A novel approach to overcome black box of AI for optical diagnosis in colonoscopy.
Journal:
Scientific reports
Published Date:
Jul 1, 2025
Abstract
Accurate real-time optical diagnosis that distinguishes neoplastic from non-neoplastic colorectal lesions during colonoscopy can lower the costs of pathological assessments, prevent unnecessary polypectomies, and help avoid adverse events. Using a multistep process, this study developed an explainable artificial intelligence method, niceAI, for classifying hyperplastic and adenomatous polyps. Radiomics and color were extracted, followed by feature selection with deep learning features using Spearman's correlation analysis. The selected deep features were merged with the narrow-band imaging International Colorectal Endoscopic grading, aligning with endoscopists' decision-making process to produce an interpretable diagnostic output.
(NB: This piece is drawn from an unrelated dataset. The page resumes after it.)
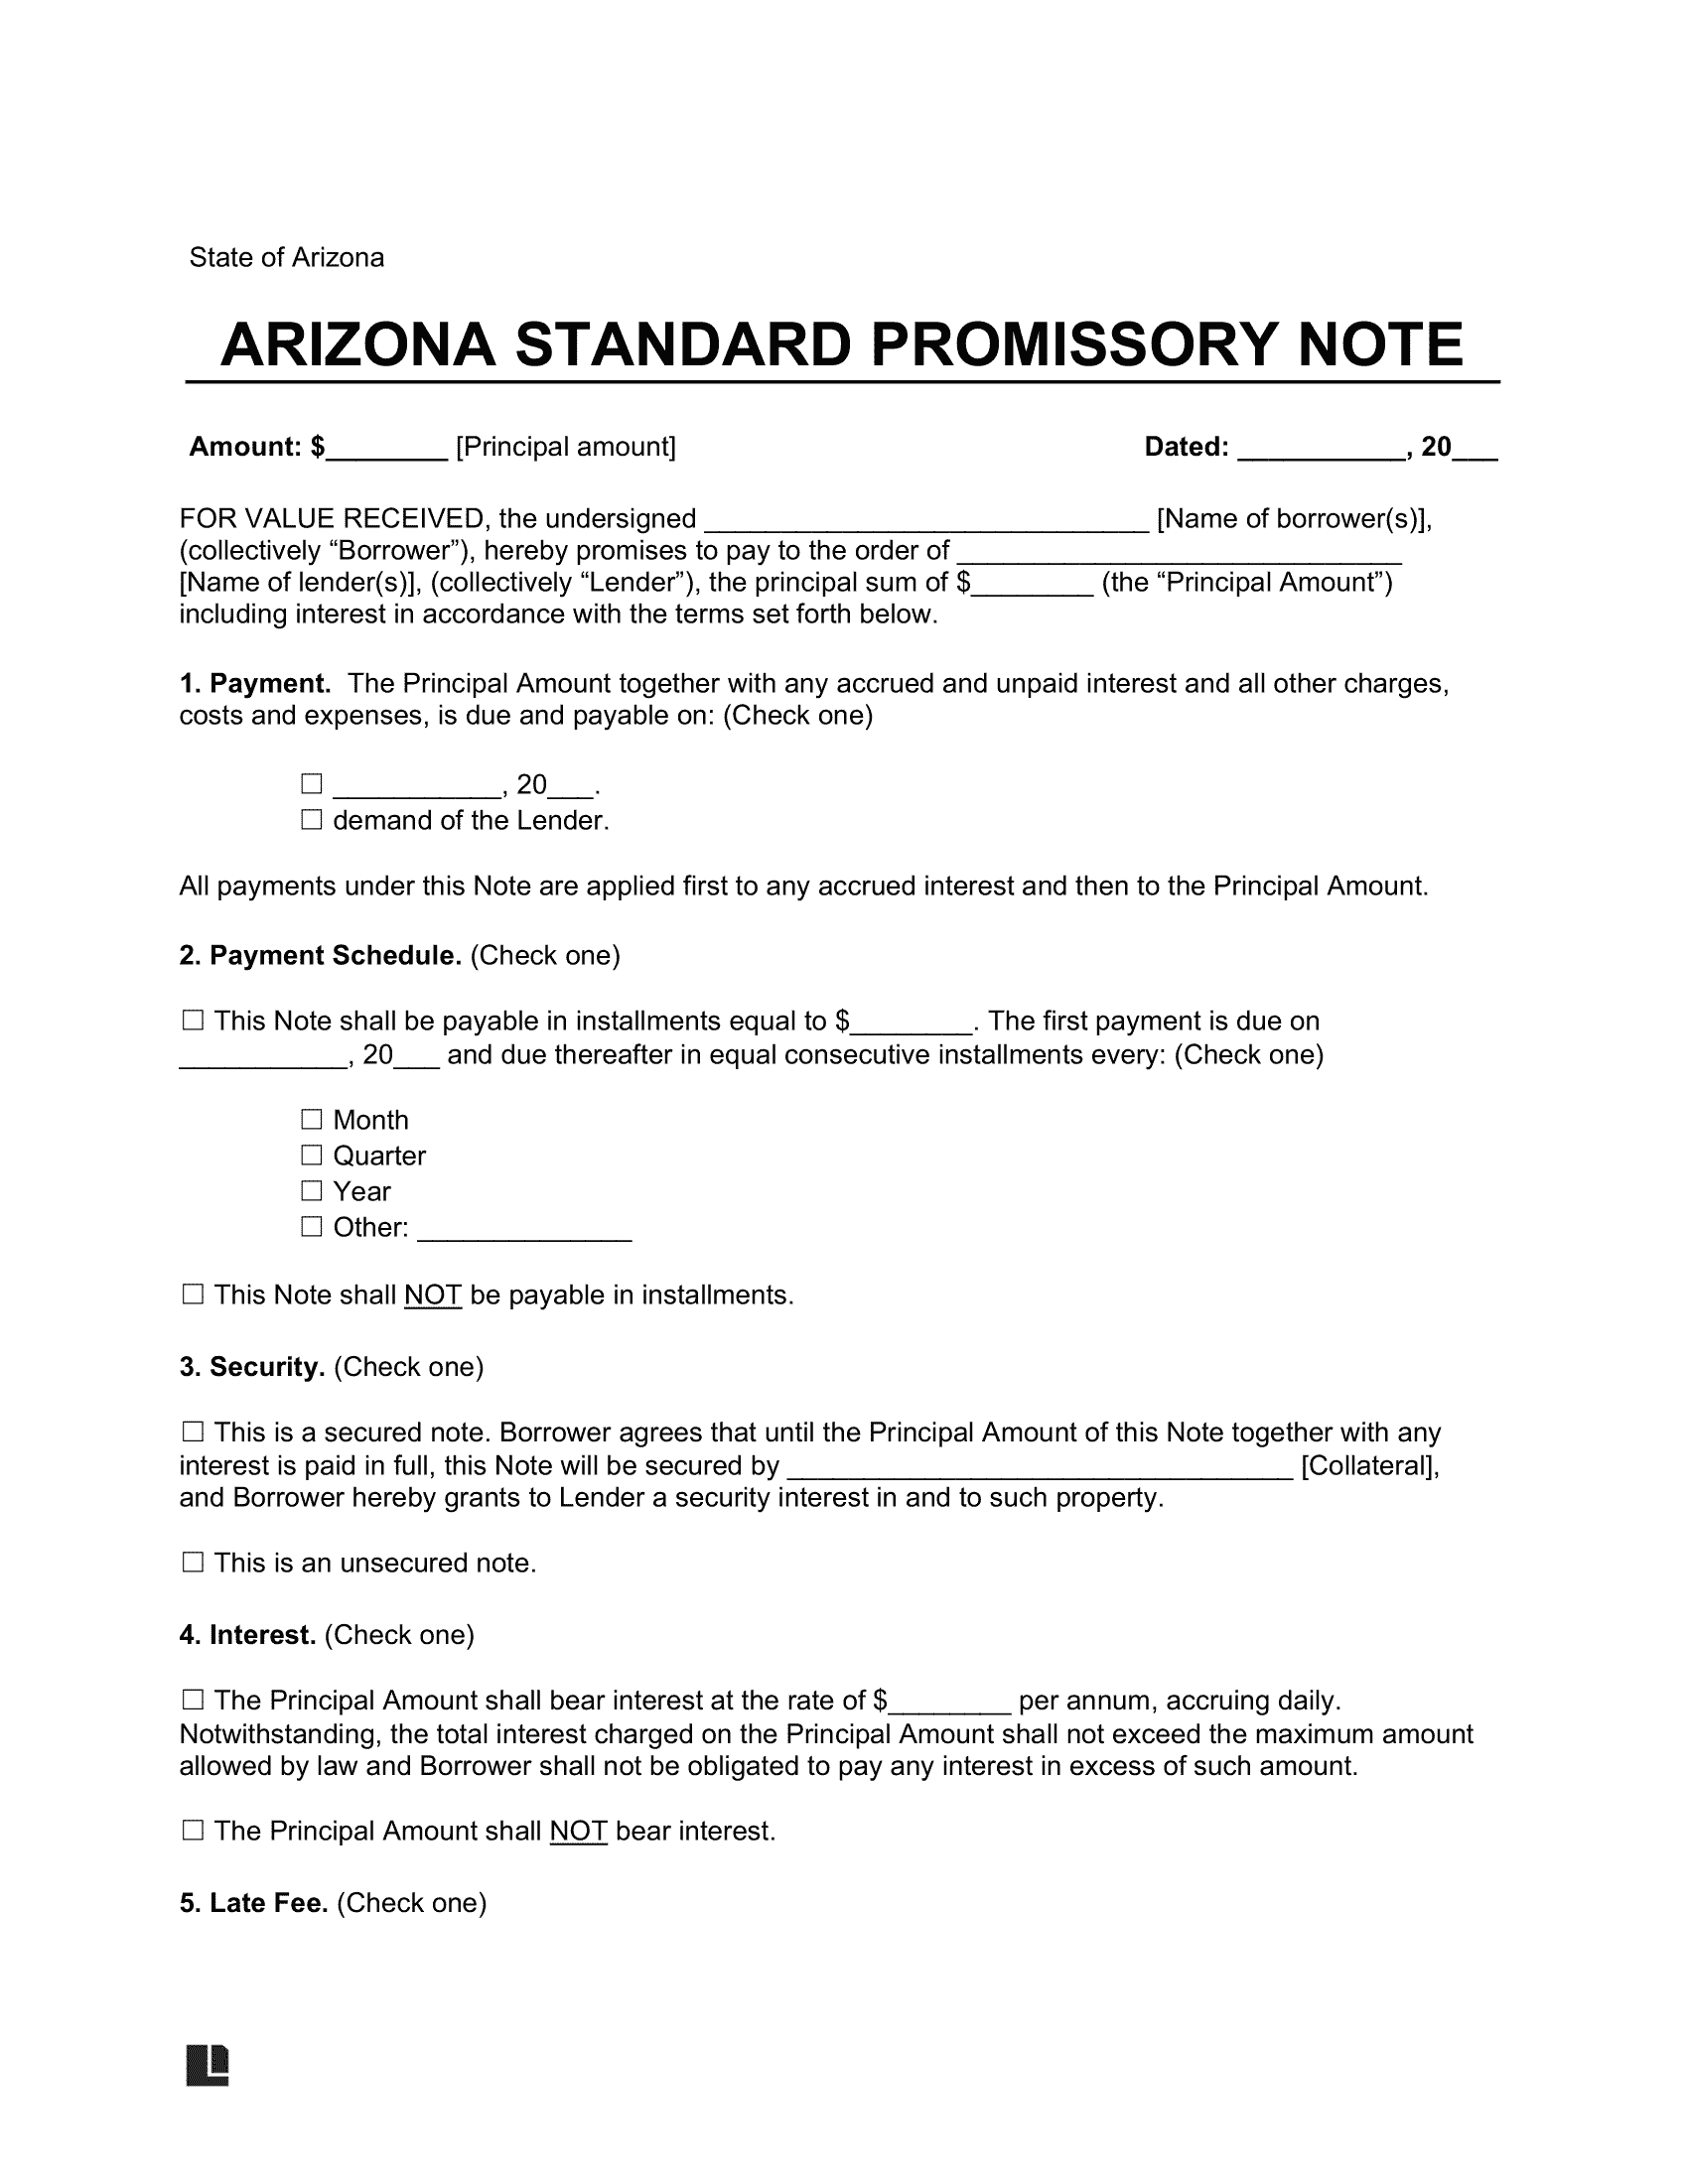 Arizona Standard Promissory Note Template

Initially, 2,048 deep features were identified; these were reduced to 103 in the second screening, and finally to 14. Similarly, 24 radiomics features were selected, whereas no color features were chosen. Comparative evaluation showed that niceAI had accuracy comparable to that of deep learning models (area under the curve, 0.946; accuracy, 0.883; sensitivity, 0.888; specificity, 0.879; positive predictive value, 0.893; negative predictive value, 0.872). This study introduces a novel system that combines radiomics and deep features to enhance the transparency and understanding of optical diagnosis. This approach bridges the gap between artificial intelligence predictions and clinically meaningful assessments, thereby offering a practical solution for enhancing diagnostic accuracy and clinical decision-making.